I installed an active suspension system to the van this weekend.

Wow what a difference! It increases the stability of the TV when your at the GVWR.
With my set-up it raised the rear about 1/2" so it should make the Tv leafsprings last alot longer.

It didn't change the unloaded ride at all. Except cornering. The van no longer feels top heavy in a turn. SUV's owners will love this thing.

With the trailer I no longer have "bounce or buck" when driving on broken or concrete roads.

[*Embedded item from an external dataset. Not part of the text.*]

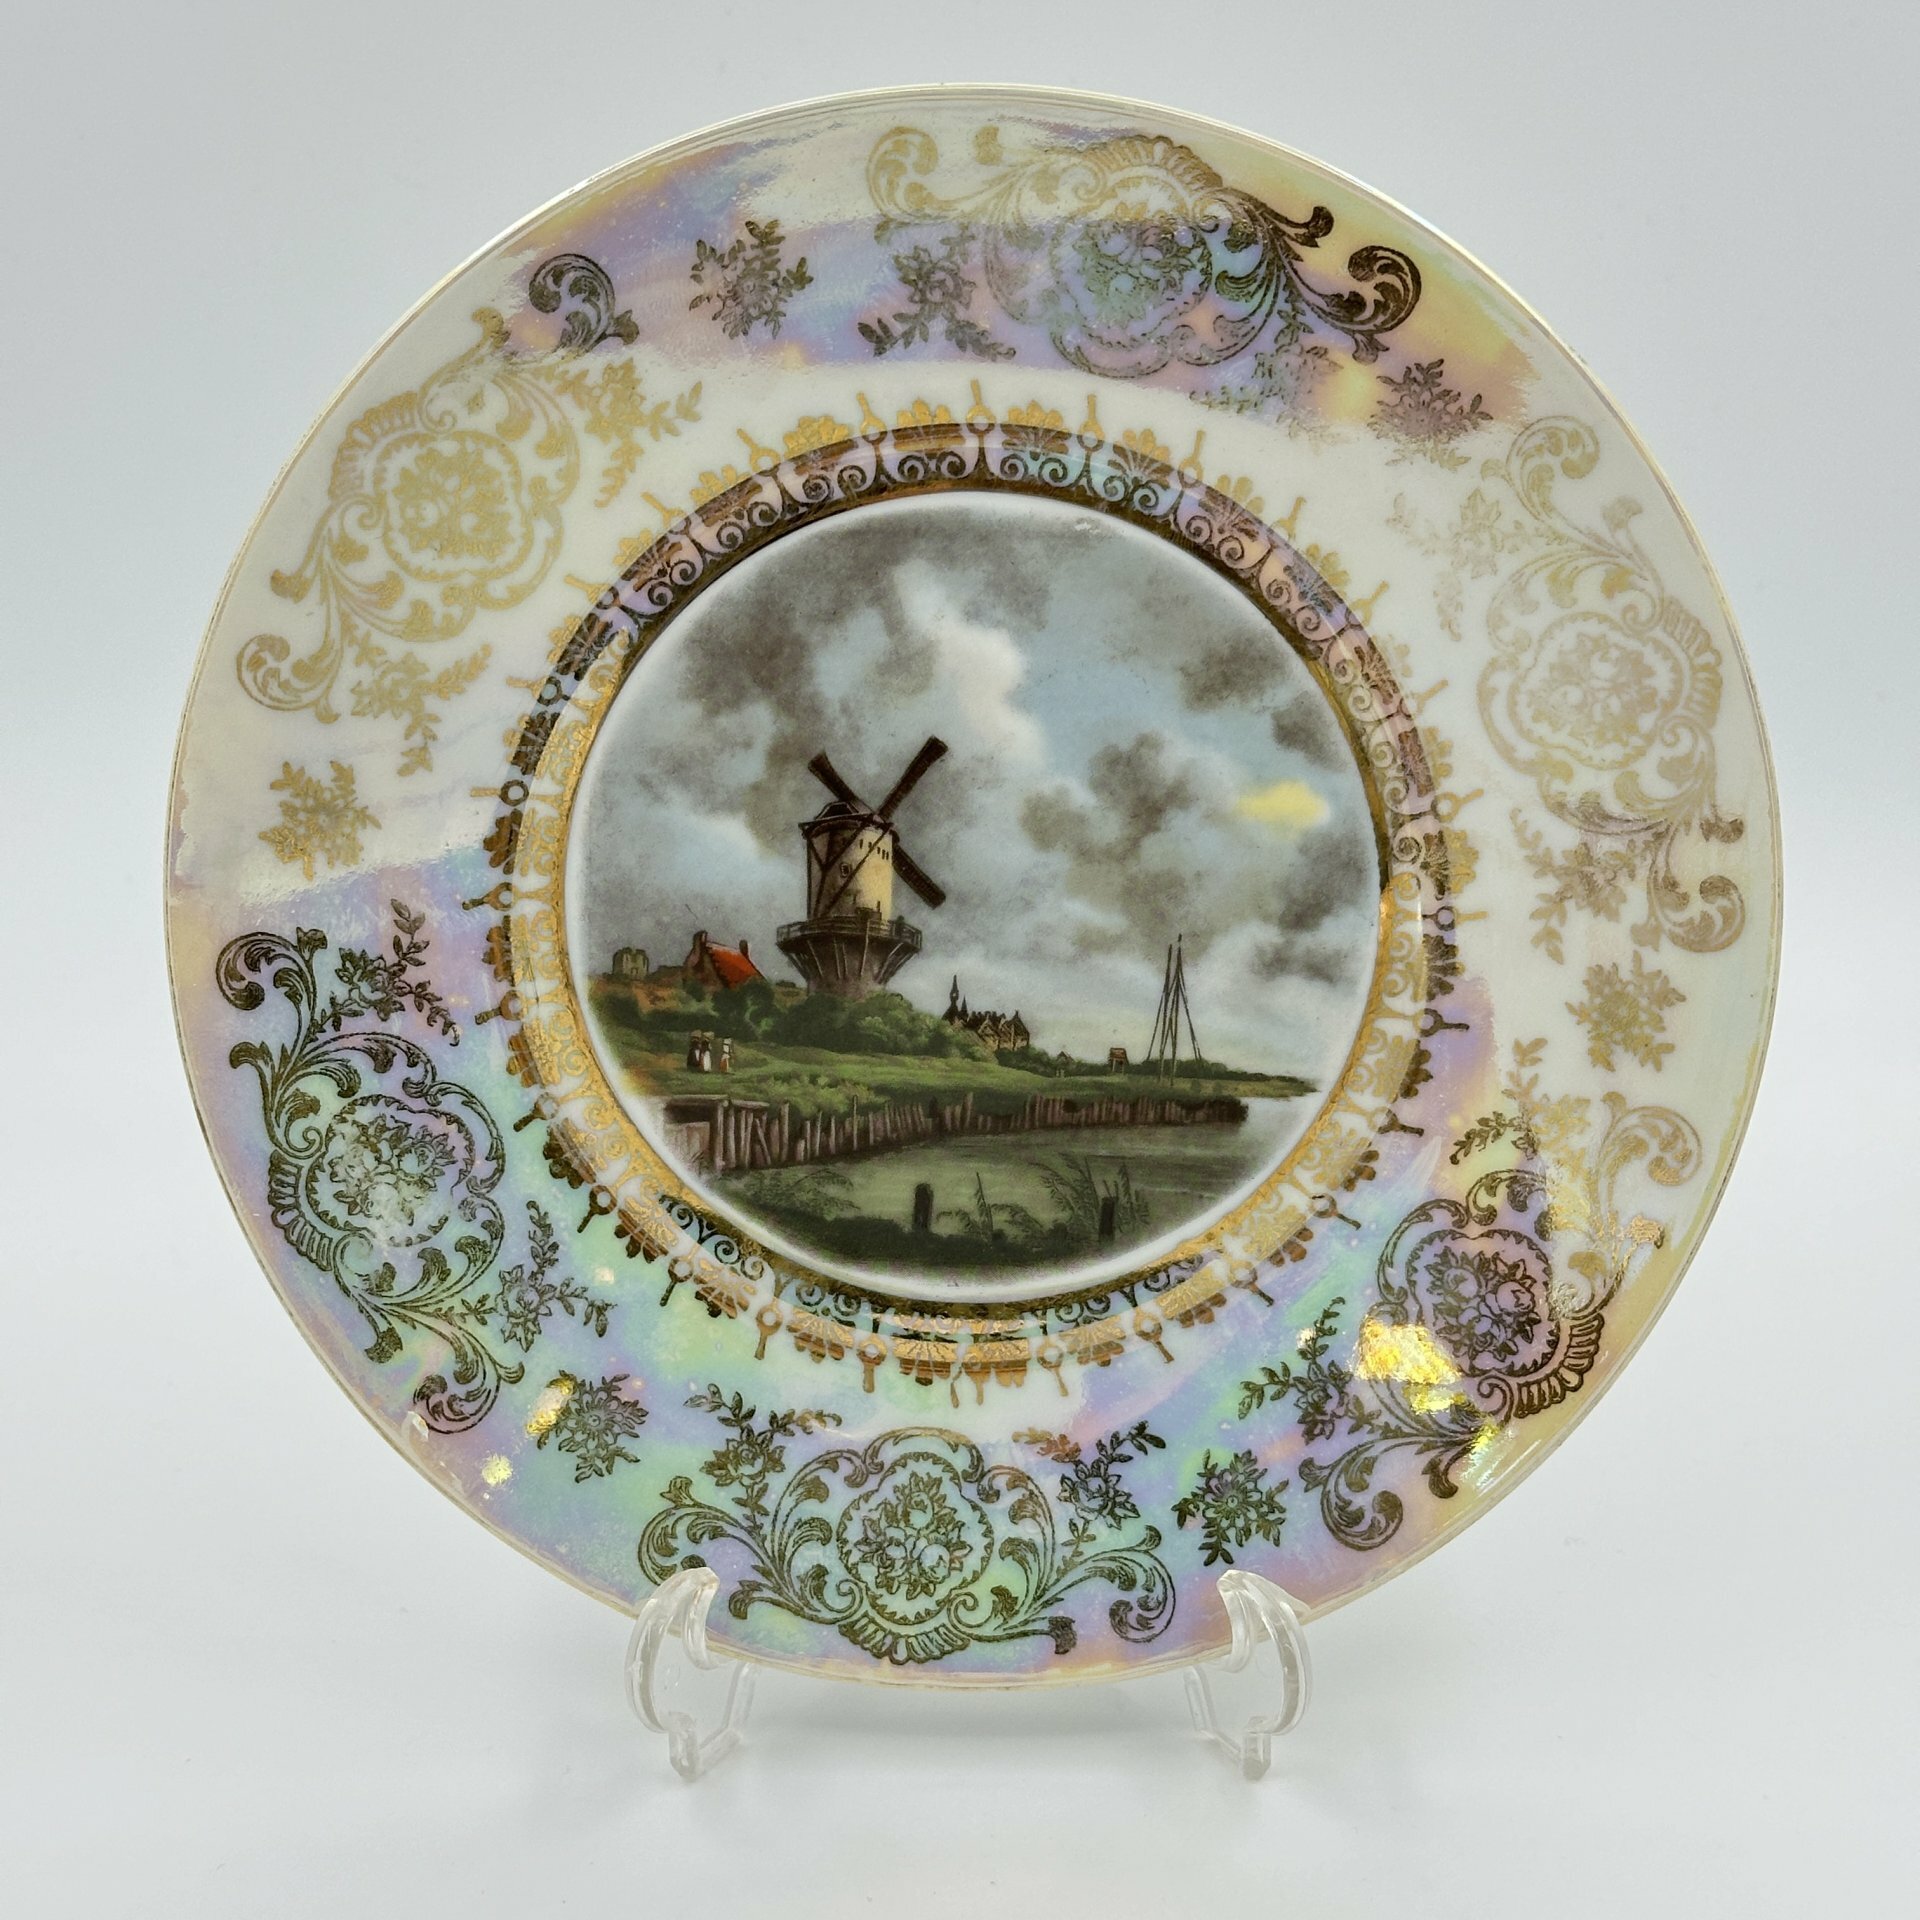 Настенная тарелка с изображением мельницы, студия декора "Porzellanmalerei Erich Parbus"
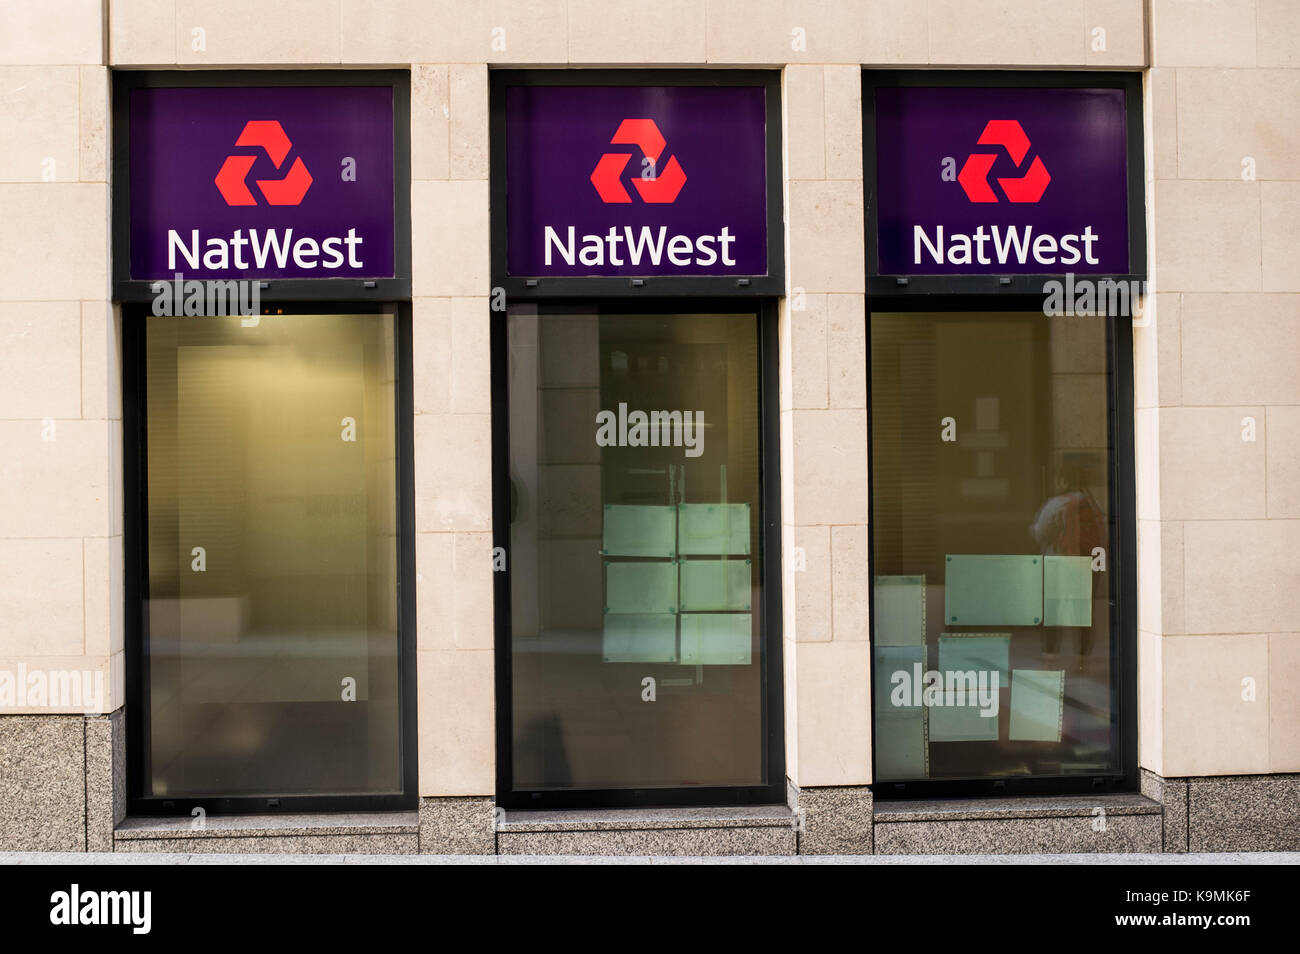 National Westminster Bank, savent comme natwest est un grand Royaume-Uni basée détail banque et fait partie du groupe Royal Bank of Scotland Banque D'Images

I've had shocks, add-a-leaf, and airbags on my TV's over the years none worked as well as this unit.
Great $200 Mod.
Check it out!

http://www.activesuspension.com


----------



## hurricaneplumber (Apr 12, 2004)

Sounds like a nice mod!!

Are you a HAM radio operator??? "KF4HFN"

Kevin


----------



## kjdj (Sep 14, 2004)

Yea! I stay up late!


----------



## PDX_Doug (Nov 16, 2004)

Kevin,

Looks like an interesting mod. I have never heard of it before. Please keep us posted with your impressions.

Happy Trails,
Doug


----------



## hurricaneplumber (Apr 12, 2004)

K,

I don't want to sidetrack your topic, but...

I am doing some studying on radios and am very interested in getting into it.

If you ever get a chance can you send me some of your thoughts on the whole subject and if there is anything you recommend me to read or get to learn more.

you can email me if easier..

Thanks

K


----------



## kjdj (Sep 14, 2004)

It seems it was designed because insurance companies have had a lot of rollover claims dealing with "church" vans. Extended 18 pass. These vans carry alot of load behind the rear axle which can increase the rollover potential. Some insurance companies require the mod epecially for Fords.

With the added tongue weight of a trailer, some of the same physics are in play with our highprofile Tv's.


----------



## huntr70 (Jul 8, 2005)

PDX_Doug said:


> Kevin,
> 
> Looks like an interesting mod. I have never heard of it before. Please keep us posted with your impressions.
> 
> ...


As you can see from my sig, I have the system installed on my Ram also.

Makes a world of difference empty, as well as loaded with the TT.















2 thumbs up here!!!

Steve


----------